Figure 3.1 Représentation du processus de l’anasynthèse selon Legendre (1993), adapté de L.C. Silvern. En gras, les étapes franchies dans cette recherche. La stratégie générale retenue dans cette recherche est d’analyser le contenu d’un certain nombre de thèses provenant d’un ensemble de textes traitant de l’éco-ontogenèse. L’analyse et la synthèse de ces écrits sont faites notamment à l’aune du modèle de la situation éducative tout en considérant les modèles de l’ontogenèse qui inspirent les auteurs (par exemple les modèles de Piaget, de Freud ou d’Erikson) et en considérant la critériologie de complétude des théories du développement proposée par Murray (1991). Cette critériologie est présentée au tableau 3.1. Dans le cadre de cette recherche, le processus d’anasynthèse n’est pas complété jusqu’à la production d’un modèle. Le terme de cette recherche consiste, à partir de la synthèse effectuée et à partir de la discussion critique d’enjeux qu’elle soulève, à proposer des fondements d’un prototype de la prise en compte de l’éco-ontogenèse en éducation relative à l’environnement. Considérant la richesse du matériel invoqué et l’ampleur de la tâche, le choix a ainsi été fait de ne pas avoir de volet empirique à cette recherche. Un tel volet empirique pourrait éventuellement consister en l’étape de simulation du prototype.

69

Tableau 3.1 Critériologie de complétude des théories du développement. Adapté de Murray (1991)

Critères de complétude

La forme ou la structure du phénomène

La théorie identifie, nomme ou définit le phénomène. Elle peut le mesurer. Elle nomme la structure sous-jacente et l’organisation du stimuli et de la réponse constituant le phénomène.

La cause efficiente du phénomène

La théorie identifie les causes du phénomène. Elle identifie les conditions nécessaires et suffisantes pour ce phénomène.

Les mécanismes en cause

La théorie identifie les mécanismes mentaux qui produisent le phénomène. Elle identifie comment les mécanismes fonctionnent. La théorie identifie comment les mécanismes agissent dans les changements qui se produisent au cours du développement. Elle identifie comment les mécanismes influencent les changements.

Le résultat final du développement

La théorie identifie le résultat final du développement. Elle identifie le niveau supérieur guidant le développement. La théorie identifie les séquences menant à ce résultat final. Elle identifie le point de départ. La théorie identifie, explique et clarifie les meilleurs résultats du développement, ceux qui maximisent le sens de l’être humain.

La signification du phénomène

La théorie identifie l’intention du sujet dans le phénomène. Elle explore le but ou la signification des diverses composantes du développement.

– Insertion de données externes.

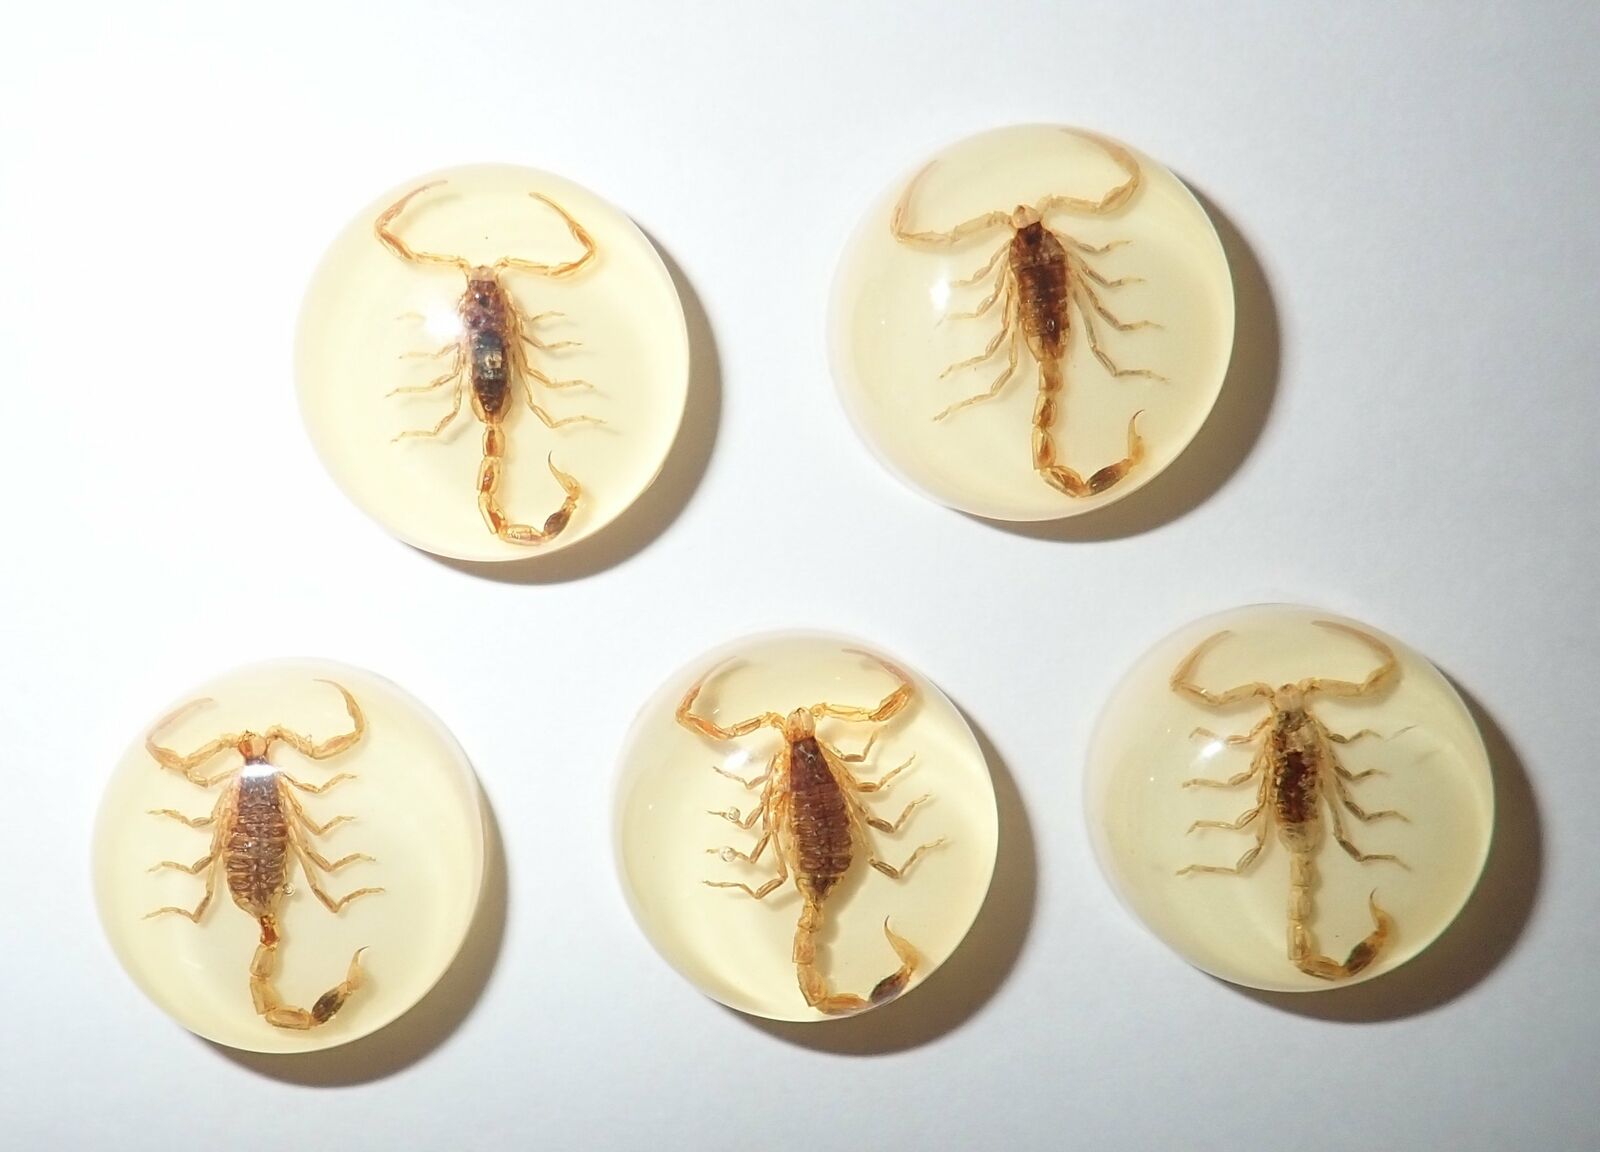 Insect Cabochon Golden Scorpion Specimen Round 19 mm on Amber White 5 pieces Lot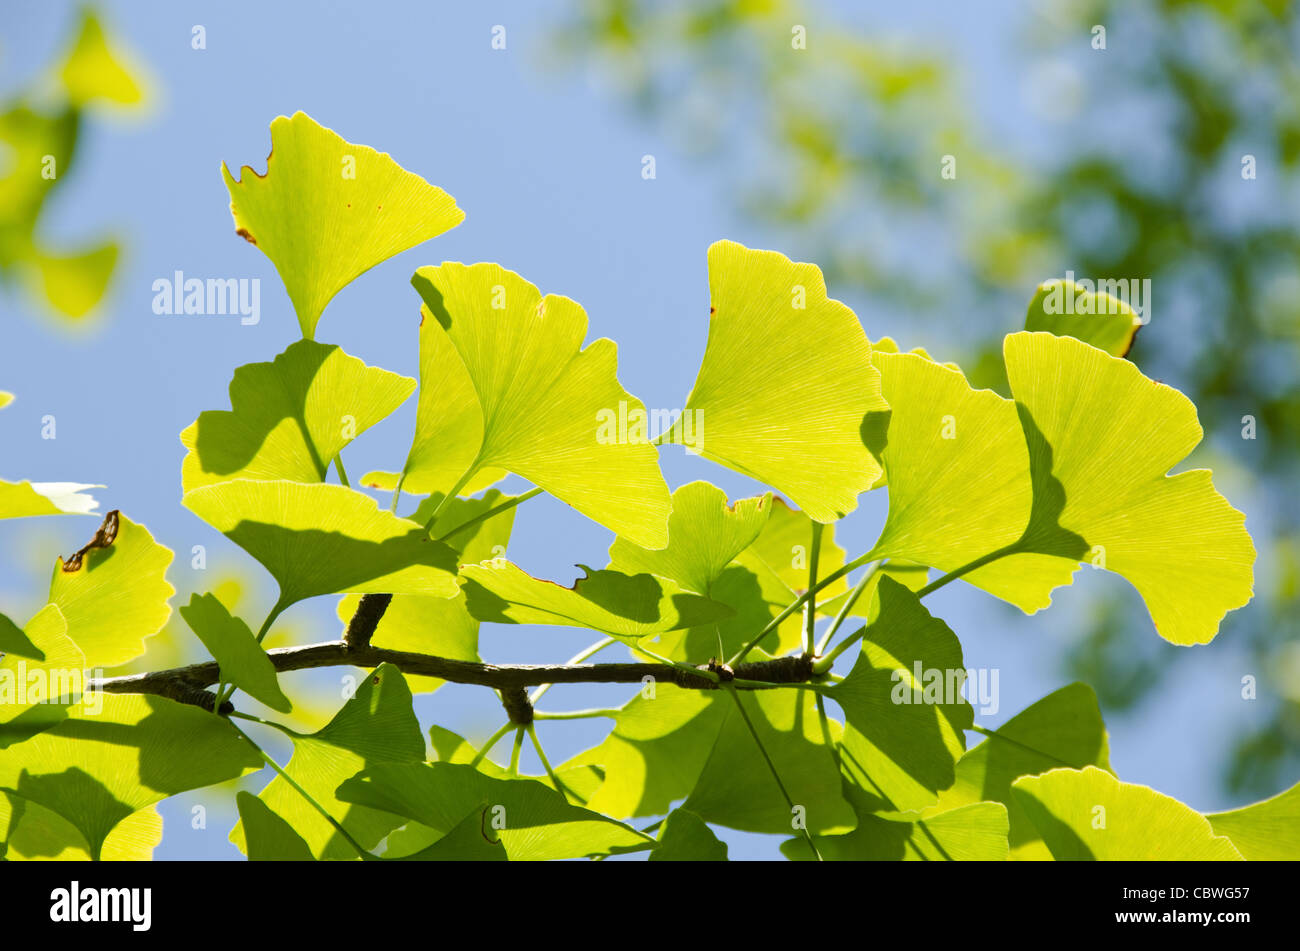 Leaves of Ginkgo biloba on the tree in sunshine with blue sky in background Stock Photo

Les mécanismes réductionnistes

La théorie relie les phénomènes à des causes physiques et à des processus corporels. Elle illustre la cohérence avec les autres sciences, notamment les sciences biologiques.

Le formalisme déductif

Les éléments de la théorie ont une forme telle que les éléments à expliquer sont expliqués en vertu de leur implication comme principes généraux de la théorie.

Les spécifications des effets de cohortes

La théorie explique comment les effets de cohortes sont partie intégrante du processus et ne sont pas « juste » des erreurs.

Les déterminants culturels et sociaux

La théorie rend compte de la diversité des déterminants sociaux et culturels qui modifient et influencent le développement.

La place du théoricien

La théorie considère les interdépendances entre faits et théories ou entre le texte et l’interprétation qui en est faite par l’auteur de la théorie.